Google blog page loads very slowly and often fails to fully load
Categories
(Core :: JavaScript Engine, defect, P3)
Tracking
()
Performance Impact | low |
People
(Reporter: mccr8, Assigned: iain)
References
(Blocks 2 open bugs, )
Details
(Keywords: webcompat:platform-bug, webcompat:site-report)
User Story
platform:windows,mac,linux,android impact:site-broken configuration:general affects:some branch:release diagnosis-team:performance
Attachments
(2 files)
This web page doesn't fully load for me in desktop Firefox: https://security.googleblog.com/2023/07/the-ups-and-downs-of-0-days-year-in.html
I see the header and the footer, but nothing else. Reloading doesn't help.
In another profile, I had these errors after a few reloads:
TypeError: can't access property "GetAvailRect", screen is nullPanelMultiView.sys.mjs:1189:5
_calculateMaxHeight resource:///modules/PanelMultiView.sys.mjs:1189
handleEvent resource:///modules/PanelMultiView.sys.mjs:1259
Request to access cookie or storage on “https://www.youtube.com/subscribe_embed? etc"
was blocked because it came from a tracker and content blocking is enabled.
(twice)
But after reloading 3 or so times it eventually worked. In my regular profile, it still is not working.
In my main profile, I'm getting this error message:
Exception trying to format object for log message: SyntaxError: JSON.parse: unexpected end of data at line 1 column 1 of the JSON data(resource://services-sync/resource.sys.mjs:222:21) JS Stack trace: _processResponse/<@resource.sys.mjs:222:21
format@Log.sys.mjs:639:19
formatText@Log.sys.mjs:568:44
format@Log.sys.mjs:586:12
append@Log.sys.mjs:679:37
append@logmanager.sys.mjs:137:44
log@Log.sys.mjs:376:16
warn@Log.sys.mjs:387:10
_doQuickWrite@tabs.sys.mjs:308:17
and then:
Uncaught InternalError: too much recursion
initContent https://security.googleblog.com/2023/07/the-ups-and-downs-of-0-days-year-in.html:3882
jQuery 2
initContent https://security.googleblog.com/2023/07/the-ups-and-downs-of-0-days-year-in.html:3875
process https://security.googleblog.com/2023/07/the-ups-and-downs-of-0-days-year-in.html:3932
<anonymous> https://security.googleblog.com/2023/07/the-ups-and-downs-of-0-days-year-in.html:3973
jQuery 11
Reporter | ||
Comment 1•1 year ago
|
||
I'm seeing the JSON.parse message even without the page loaded, so it is probably unrelated.
Reporter | ||
Comment 2•1 year ago
|
||
We also take about twice as long to show content on this page as Chrome. Looking at a profile, approximately 100% of the 9 seconds it takes to show anything is being spent in is being spent in the JS engine's regexp code, so maybe something is going weird there? https://share.firefox.dev/45mtSfh
Reporter | ||
Comment 3•1 year ago
|
||
I'll move this over to the JS engine component then.
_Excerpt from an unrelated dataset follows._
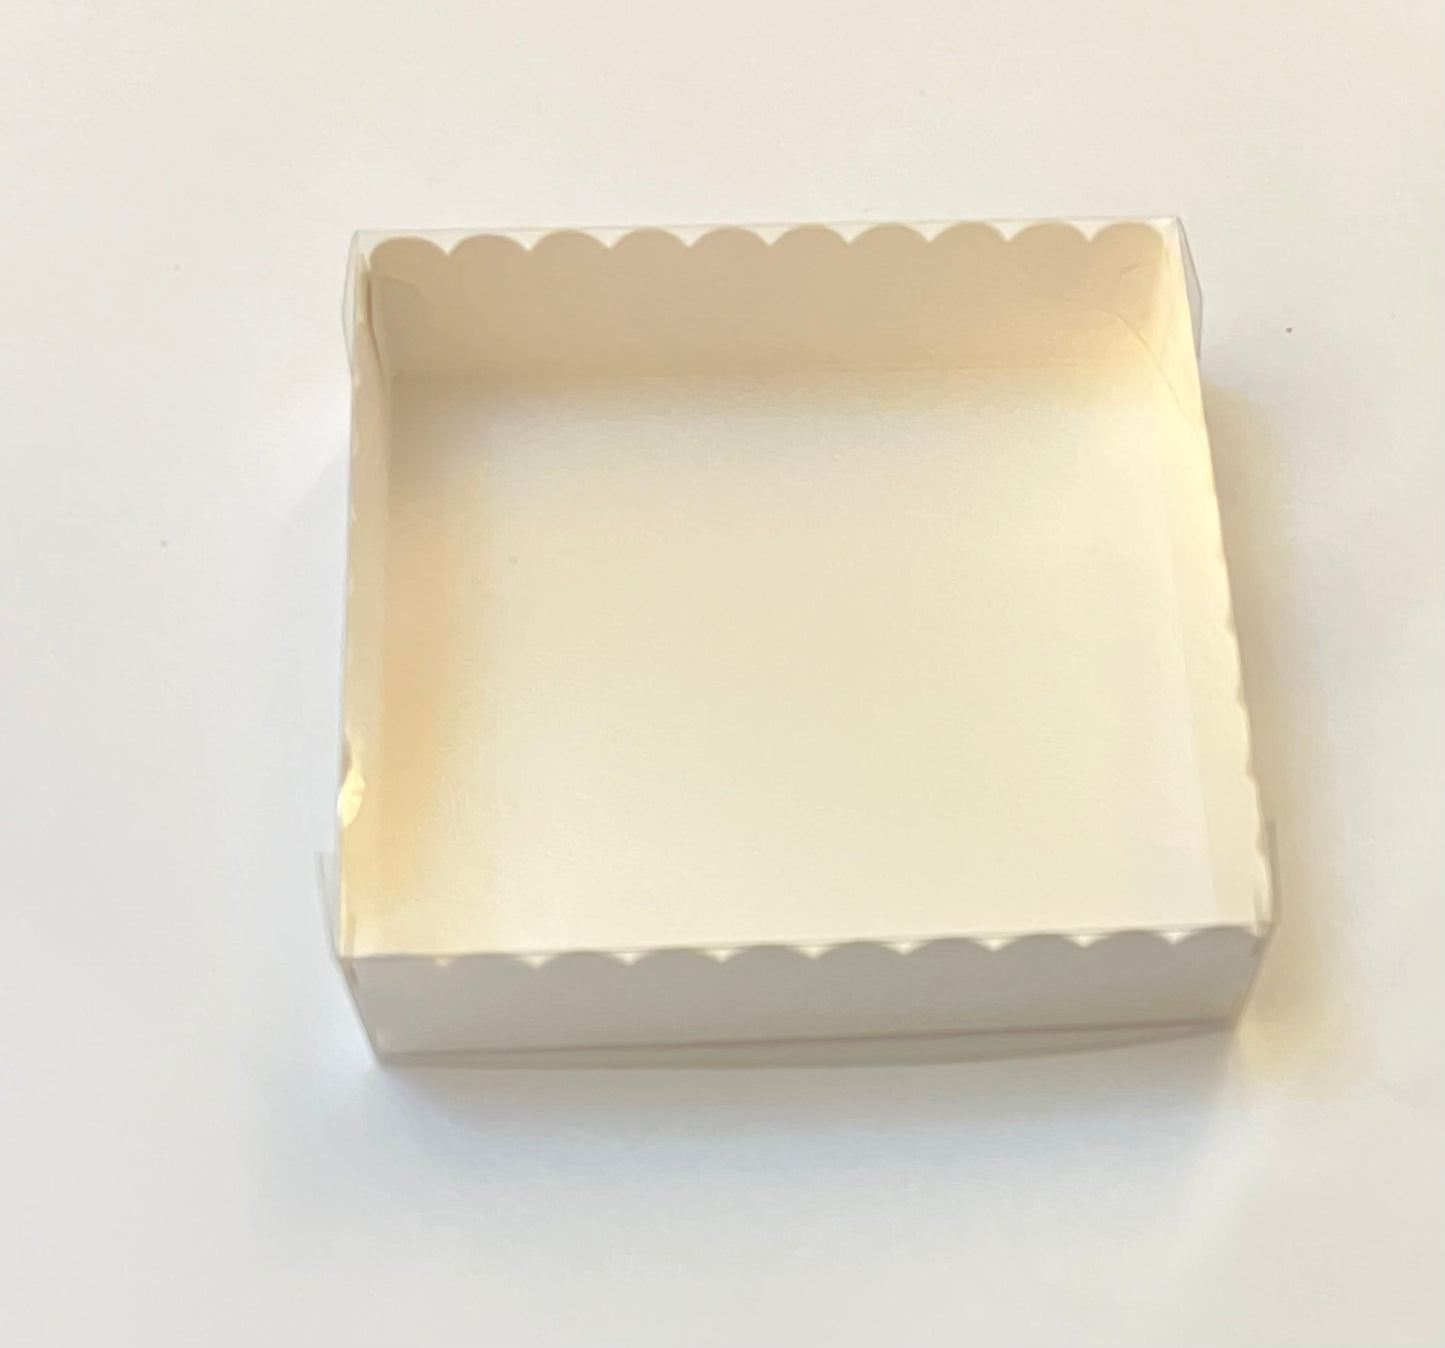 Clear Lid Box White  With Scalloped Edge And Sleeve - 15*15*3.5cm Mothers Day

Iain, is there somebody who might be able to look at irregexp performance issues? Thanks.
Reporter | ||
Updated•1 year ago
|
Assignee | ||
Comment 4•1 year ago
|
||
Profiling Chrome on the same site, it takes several seconds to load and spends 94% of the total time in the same regexp (/([\s\S]+?)<div data-is-preview.+?>([\s\S\]+)<\/div>/
). It looks like it is stuck in a pathological backtracking case, although not for as long as we are.
I don't know why Chrome gets through the pathological regexp faster than we do. We use the same regexp engine as V8, so we should be doing basically the same work. We have our own codegen layer, so maybe there's an issue there.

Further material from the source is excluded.